First prize problem by Geoff Foster and Ian Shanahan
7 May 2014 | by Peter Wong
The Aussie duo of Geoff Foster and Ian Shanahan have carried off another major First Prize, this time in the 2011 Fairies section of The Problemist. The winning problem is a series-mover showing a favourite theme of the composers: multiple pins and unpins. Earlier renditions of the idea can be found in the Walkabout columns dated 8 Nov. 2010 and 7 Aug. 2011. Here we see some extra fairy elements, like the nightriders and the absence of the white king, but they are well justified by the problem’s strategic intensity (nine unpins in ten moves) and pure construction.
Let’s consider the two types of unorthodox pieces used in this composition. A reflecting bishop, travelling on diagonal lines, is able to bounce off a board edge at 90-degrees and continue its move. Thus in the diagram, the piece on g6 has access to f7, e8 and also d7, c6 and b5 by reflecting off the top edge; in fact the reflecting bishop is pinning the nightrider on b5, without which the black king would be in check via the g6-e8-a4-c2 line. Likewise, the h5-nightrider is pinned along the g6-h5-d1-c2 line, and the h7-nightrider along g6-h7-g8-a2-b1-c2. The nightrider is a long-range piece, analogous to the rook and the bishop, that can make any number of knight-steps in a straight line as one move. For example, the h6-nightrider can move to g8, f7, d8, g4, and f2, but its access to d4 and b3 is obstructed by the f5-piece.

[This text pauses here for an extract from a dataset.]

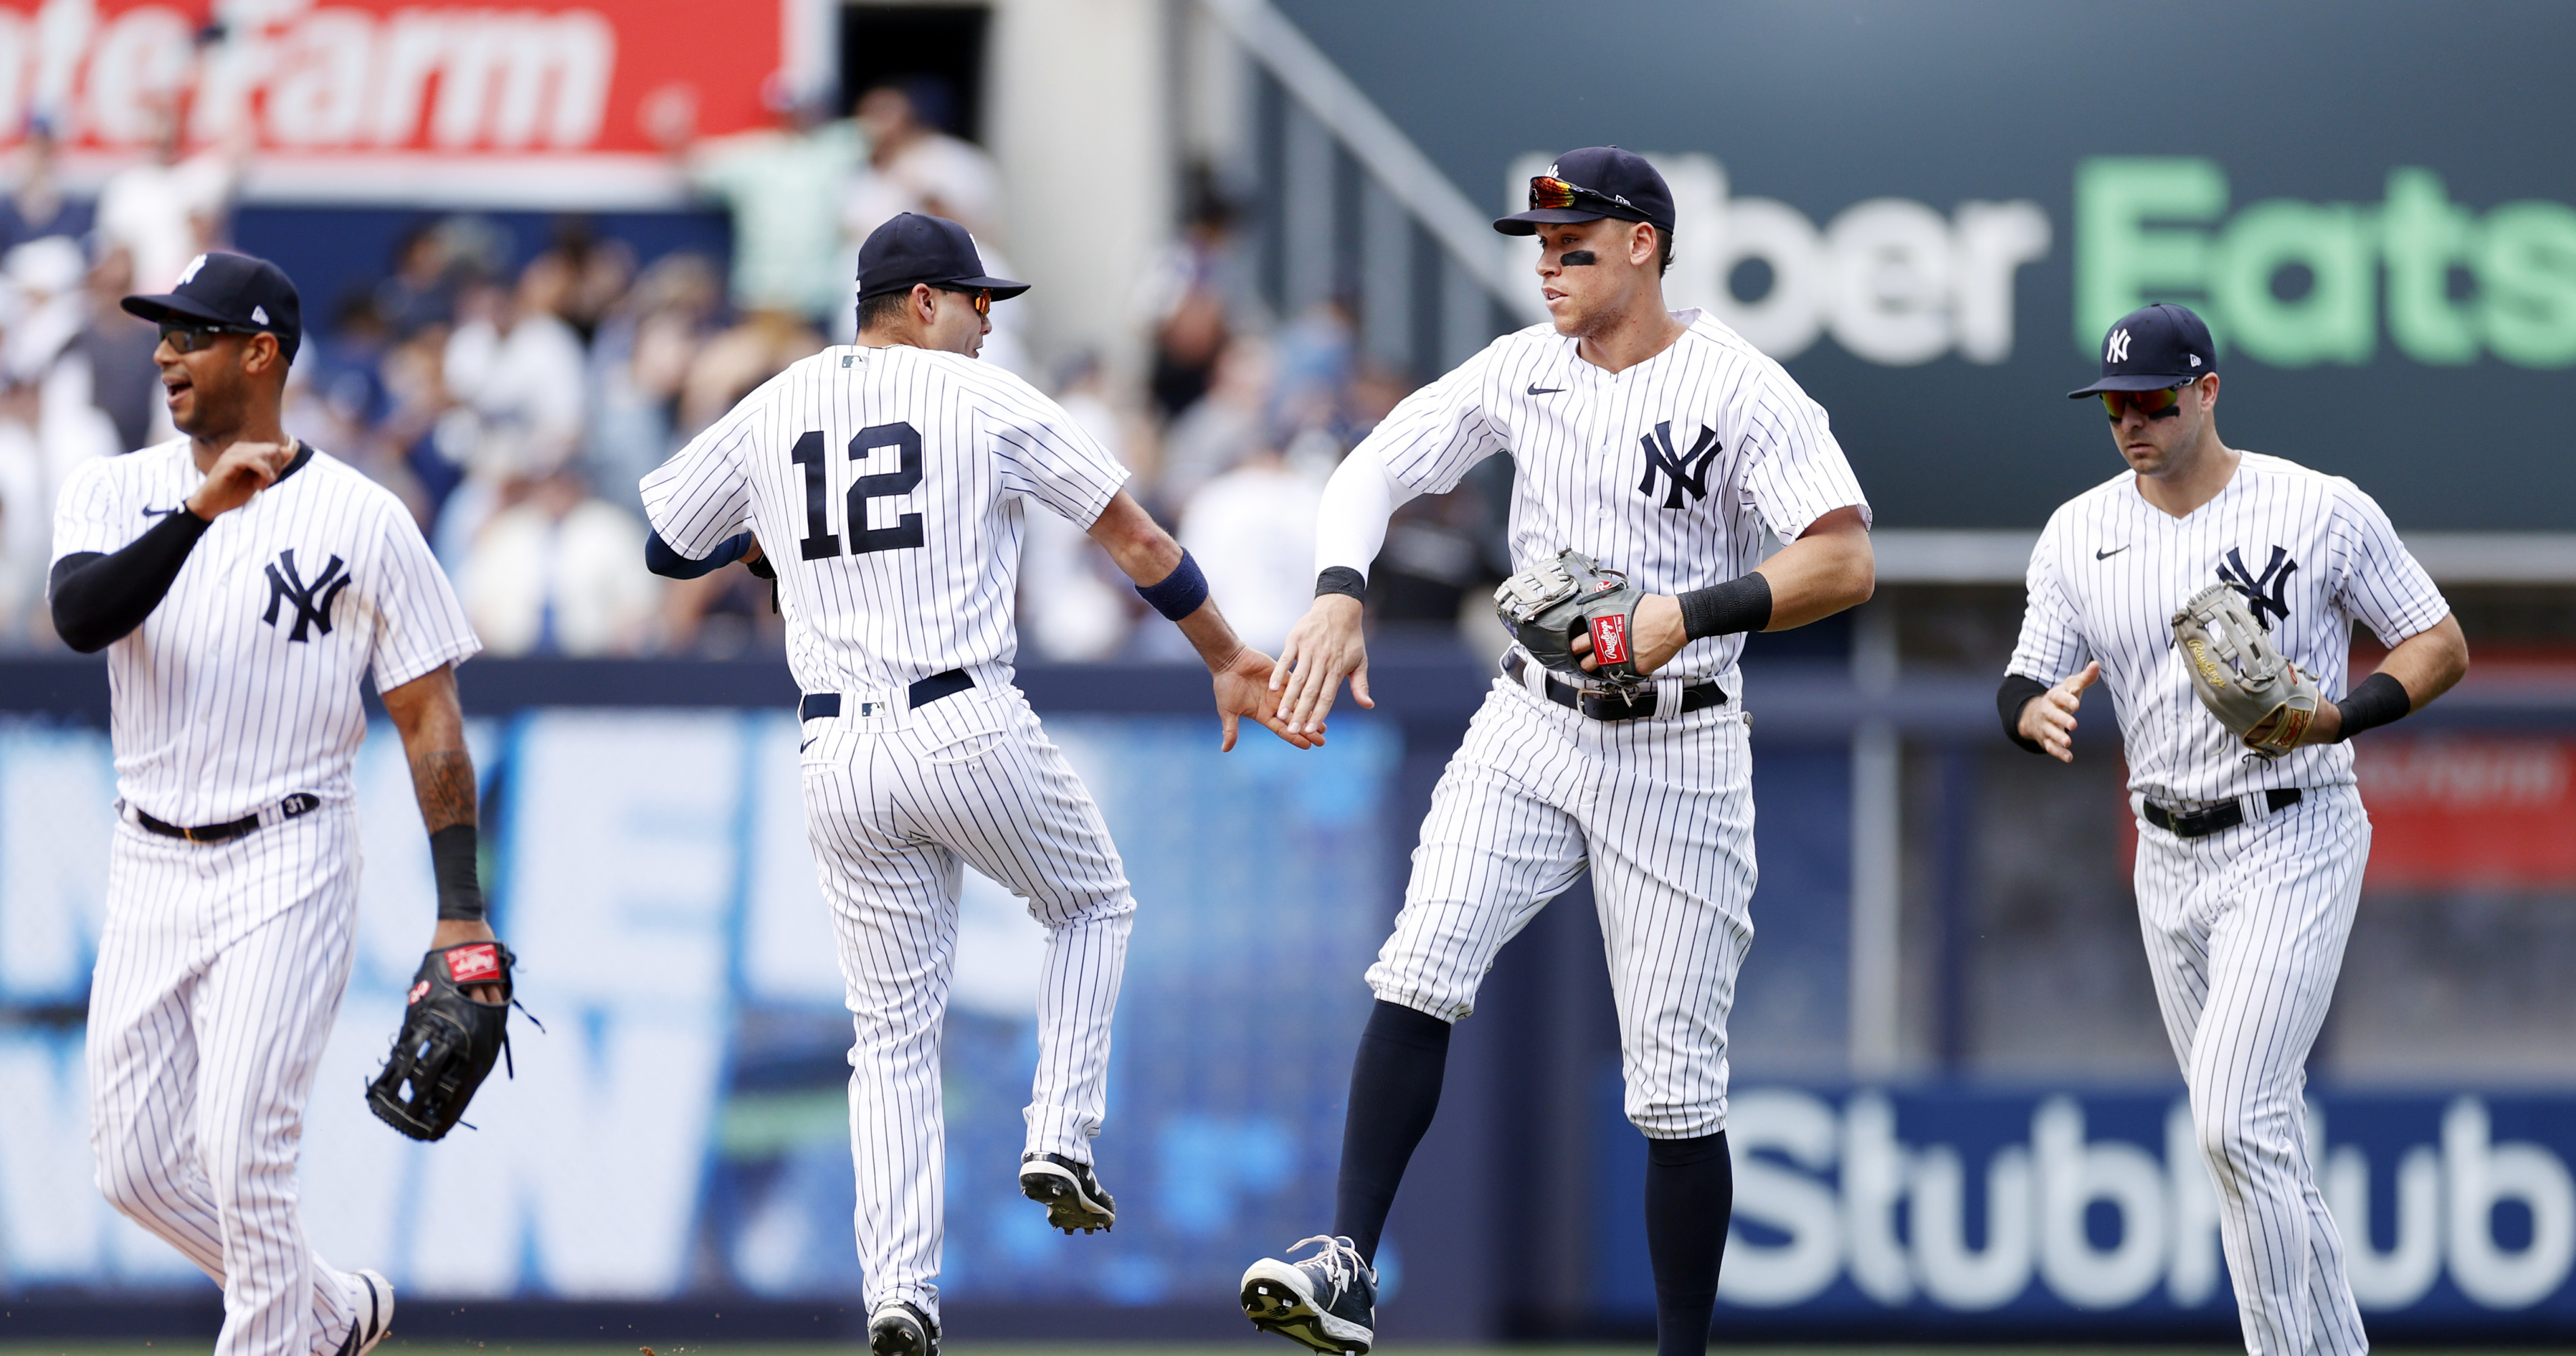 Yankees' inconsistent offense shut down in loss to Marlins

Geoff Foster & Ian Shanahan
The Problemist 2011, 1st Prize
Series-helpstalemate in 10, Reflecting bishop g6, 7 Nightriders
The series-helpstalemate objective indicates that Black will play ten consecutive moves to reach a position where White can deliver stalemate. What sort of stalemate position is possible with the material present? Assuming that White’s stalemating move will be a capture, we need to immobilise six black nightriders, all of which can be pinned – four by the reflecting bishop and two by the rooks. The black king has eight flight-squares, six of which can be blocked by the pinned nightriders, and if White plays Bxa3 at the end, the bishop will control the remaining flights on b2 and c1. However, this scheme has a snag, because pinning a nightrider on b1 requires the path g6-h7-g8-a2-b1 to be clear, meaning the b3-flight cannot be blocked. To get around this, we will pin a nightrider on a4 instead of b3 (via the g6-e8-a4-c2 line) – workable since b3 will be guarded directly by the reflecting bishop. (Note that pinning a nightrider on b5 instead would be ineffective for the stalemate, because the piece could move to f7 without allowing the reflecting bishop to check!)
Even after determining the final position, it’s far from easy to work out how it can be reached within ten moves. The solution shows an intricate sequence in which the nightriders unpin one another nine consecutive times. 1.Ng8 2.Nhf3 3.Nhd3 4.Nfd1 5.Nb1 6.Ngd2 7.Ngc4 8.Na4 9.N5c3 10.Nca3 Bxa3 stalemate. The judge writes, “There are no inactive units and no cookstoppers, and all nightriders move during the solution. A unique setting and strategy and my unambiguous first pick from the start.”